Allow new conditions to change application rules at run-time.
Introduce a new world of applications that can inherit and learn rules, events, and scenarios.

Current advances in knowledge technologies combined with service-oriented architecture are getting ready to solve a fundamental problem of application development: changing the development process to give subject matter experts more control by elevating business scenarios from application code, and thus opening up a new world of applications that can adapt to multiple rules and learn new conditions.

The article describes the background of the evolution in the architecture and development of software systems, focuses on the integrated software and knowledge engineering approach, and elaborates on practical implications and implementation strategies.

Armed with Service-Oriented Architecture (SOA) and Web services, the software industry seems to be moving at a fast pace. However, some of the foundations of the field have stayed static for a long time.

The way we write software has not changed over the past twenty years. We have not moved far from the UNIX operational environment (which was a big hit thirty years ago). We write and re-write the same types of services and applications: orders, inventories, schedules, and games. We add power to computers, but fail to add common sense; we cannot help computers learn, and we routinely lose professional knowledge gained by millions of knowledge workers.

Most current implementations of Business Intelligence (BI) applications focus on smart data processing, reporting, and business analysis, such as creating document summaries or extracting useful information from reams of data.

However, current advances in knowledge technologies combined with service-oriented architecture can solve the even more fundamental problem of application development itself by streamlining the development process to open up a new world of applications that can adapt to multiple rules and learn new conditions.

Here is a summary of this integrated approach:

Objectives:

Streamline the transformation of ideas into applications.
Give Subject Matter Experts (SME) the keys to development.
Allow new conditions to change application rules when necessary at run-time.
Introduce a new world of applications that can inherit and learn rules, events, and scenarios.

Background and the Evolution of Software Development:

Some of us still remember a time when a single program could include video and disk drivers as well as data storage functionality mixed with application-specific code.

Fig.1.Software evolution

A new paradigm was created when database (DB) and operating system (OS) vendors took part in the process, and most software developers could focus on the application layer.

Fig.2. Software evolution

Today, the application layer continues to consist of a mixture of generic services and business specifics. Service-oriented and data-driven architectures, rules engines, and similar approaches help us clear this mess.

Fig.3. Software evolution

Current advances in software and knowledge engineering have now paved the way for the further elevation of application business logics to the level where business rules and scenarios can be placed in standard containers to directly drive applications.

Fig.4. Software evolution

The new approach is based on three major factors:

1. Intelligent enterprise systems require new mechanisms, architecture, and implementation methods that can be described as distributed knowledge technologies [1] and are based on integrated software and knowledge engineering.
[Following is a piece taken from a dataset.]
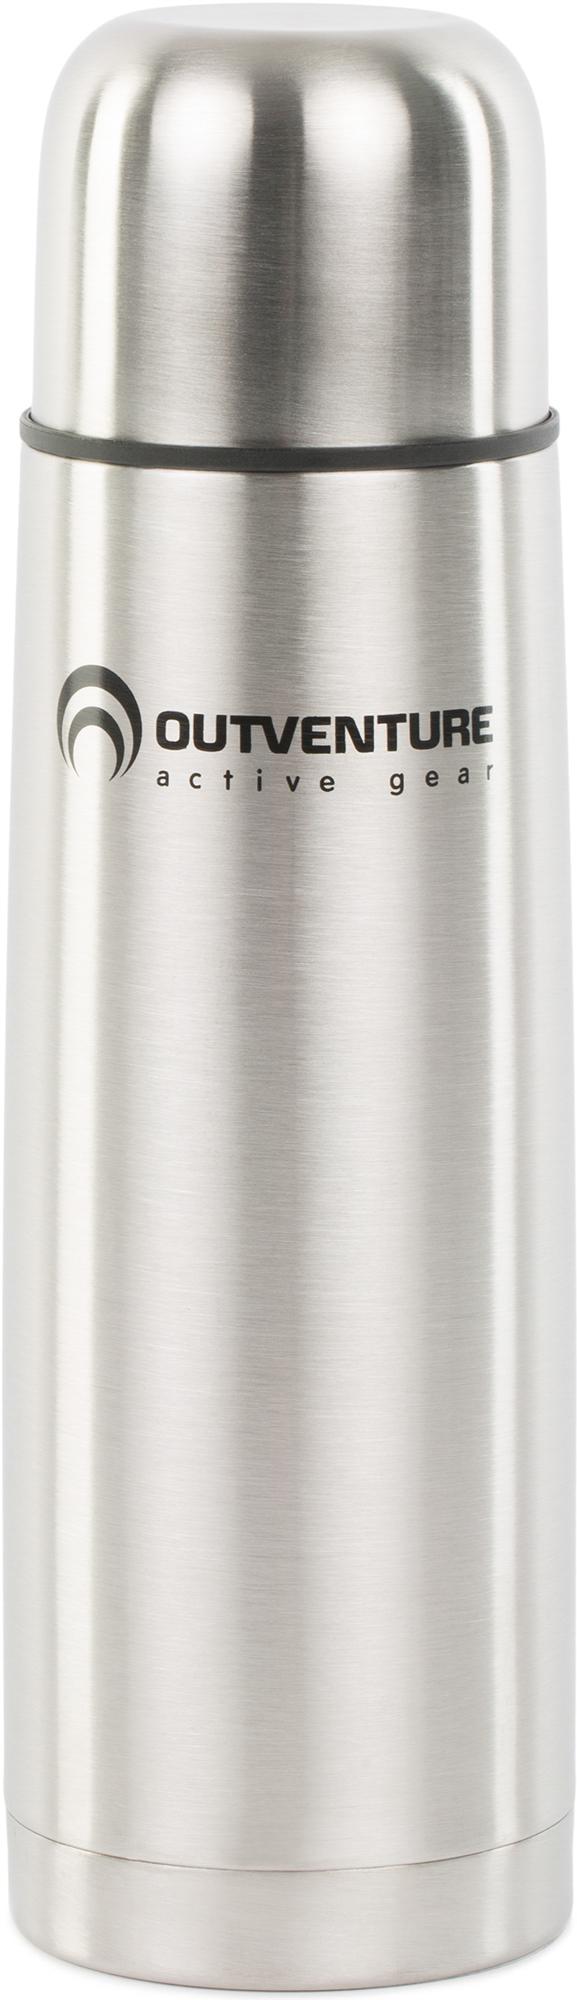 Outventure Термос Outventure, 0,5 л термос outventure цвет серебристый 1 8 л

2. Service-oriented architecture, web services and related developments have allowed us to free service descriptions and service invocations from service implementation details. We can combine in application scenarios business logics and service invocations with rich ontology expressions supported by knowledgebase containers.

3. Knowledgebase containers are not just a pipe dream – they are quite real, like the OpenCyc product from Cyc Corporation [2]. With time knowledgebase containers will become common components (similar to existing data storage platforms) in knowledge-driven architecture.

In knowledge-driven architecture (KDA), business rules and application scenarios are directly expressed in the knowledgebase in almost natural language and represent a thin application layer that drives the application. This architectural advance can allow an enterprise to shorten development time and produce smarter systems that can quickly accommodate themselves to rapid changes. (See Example)

This approach introduces a world of ontology and bridges best practices in software and knowledge engineering.

Knowledgebase vs. Database and Rules Engine

What is the difference between a knowledgebase and a database? A database is an empty vessel ready to be filled with any raw data. A rules engine is another empty vessel specialized to store rules in some proprietary format. A knowledgebase is different not only because it can represent data and rules all together, but because it is not just an empty container.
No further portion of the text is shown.